*** Opening of Records ***
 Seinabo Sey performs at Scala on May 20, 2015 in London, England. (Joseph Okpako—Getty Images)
*** Close of Records ***
*** Opening of Records ***
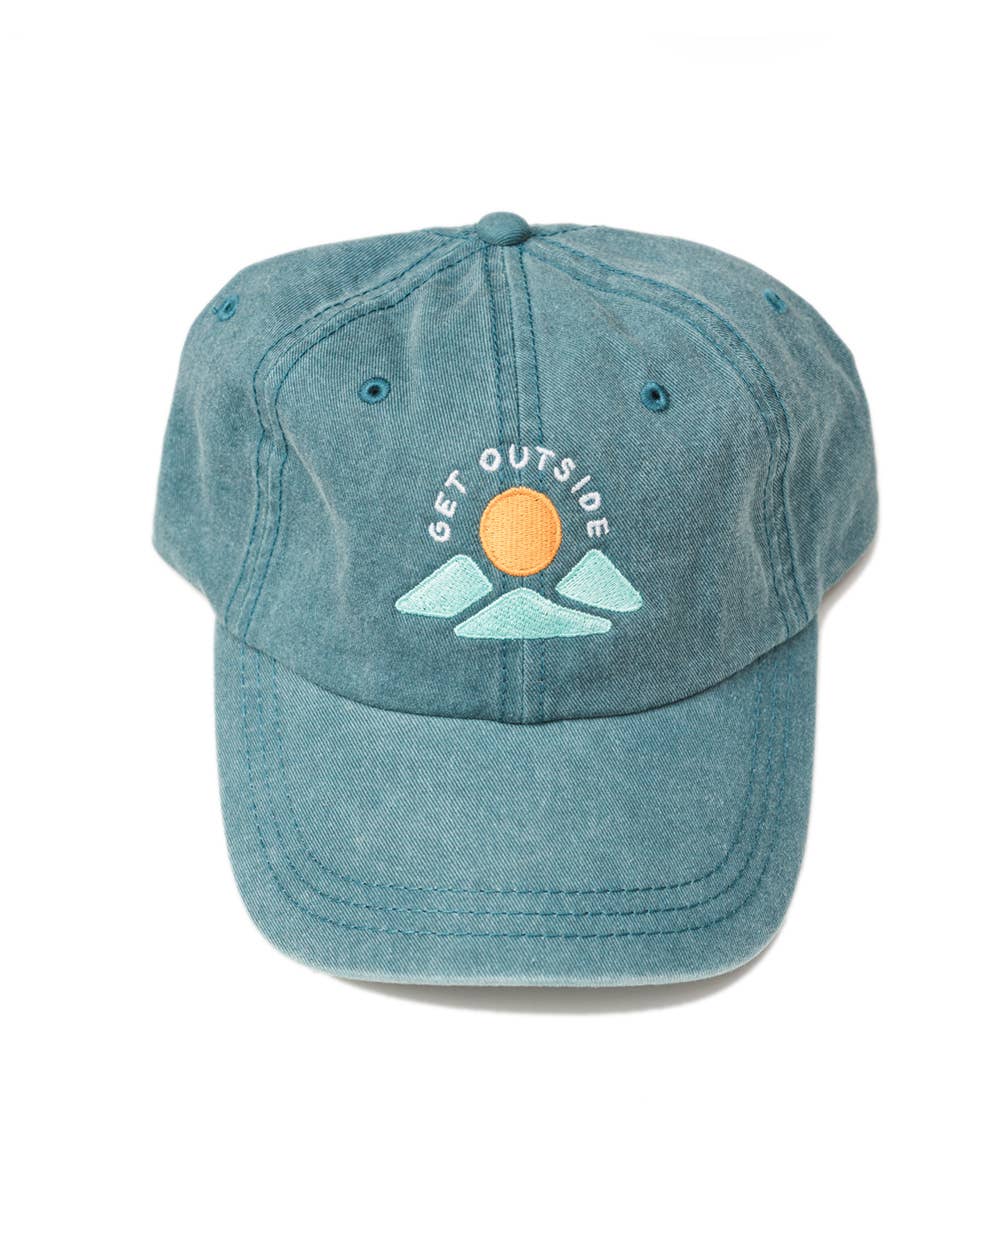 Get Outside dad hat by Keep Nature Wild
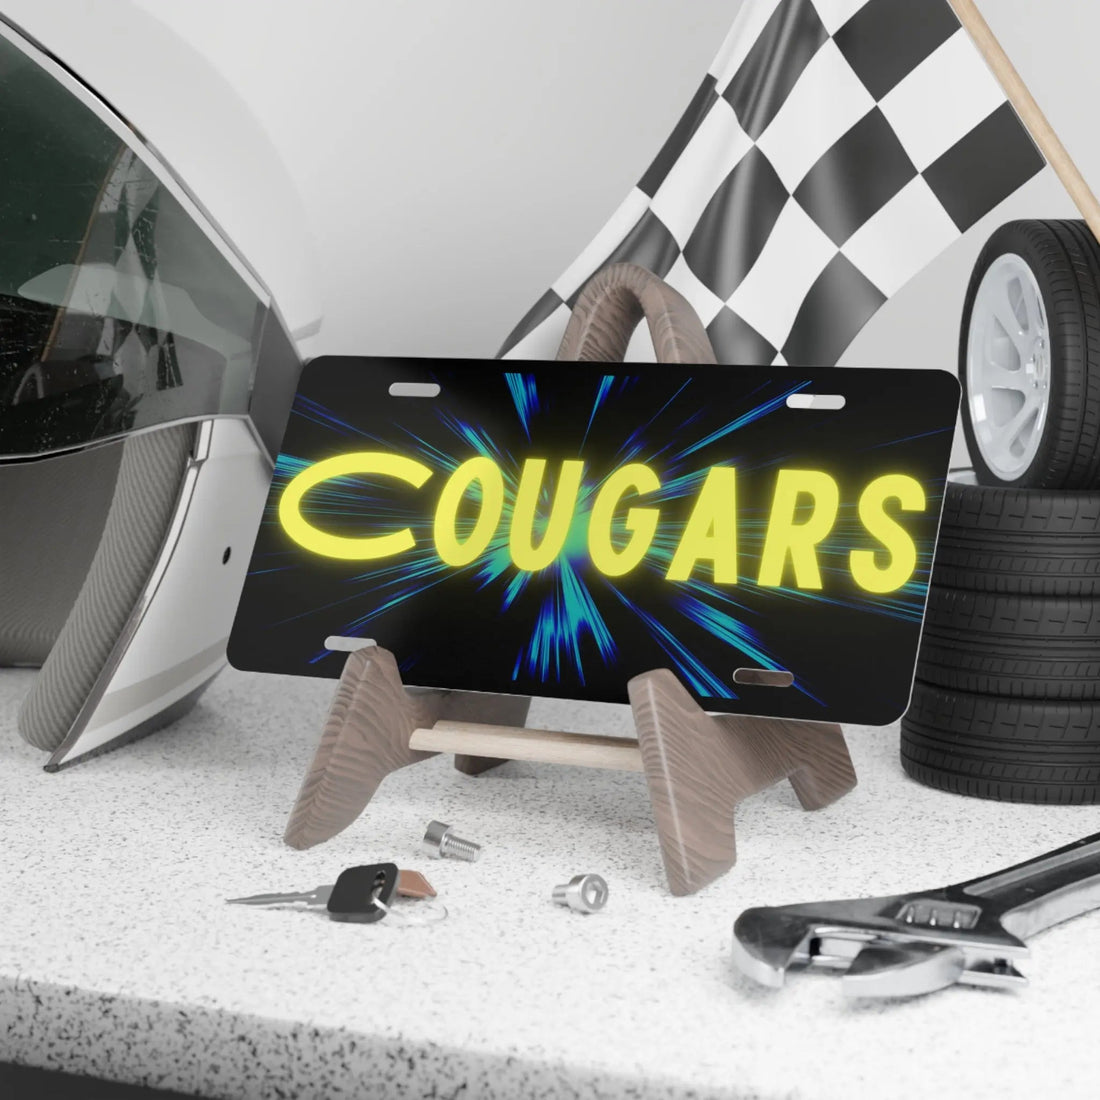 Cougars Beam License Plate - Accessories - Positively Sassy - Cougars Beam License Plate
*** Close of Records ***
What to work on
In the listing above, find the line containing "Get Outside dad hat by Keep Nature Wild" and the line containing "Cougars Beam License Plate - Accessories". Reproduce those lines and all between them exactly, with no pictures and nothing more.

Solution to this problem
 Get Outside dad hat by Keep Nature Wild
 Cougars Beam License Plate - Accessories - Positively Sassy - Cougars Beam License Plate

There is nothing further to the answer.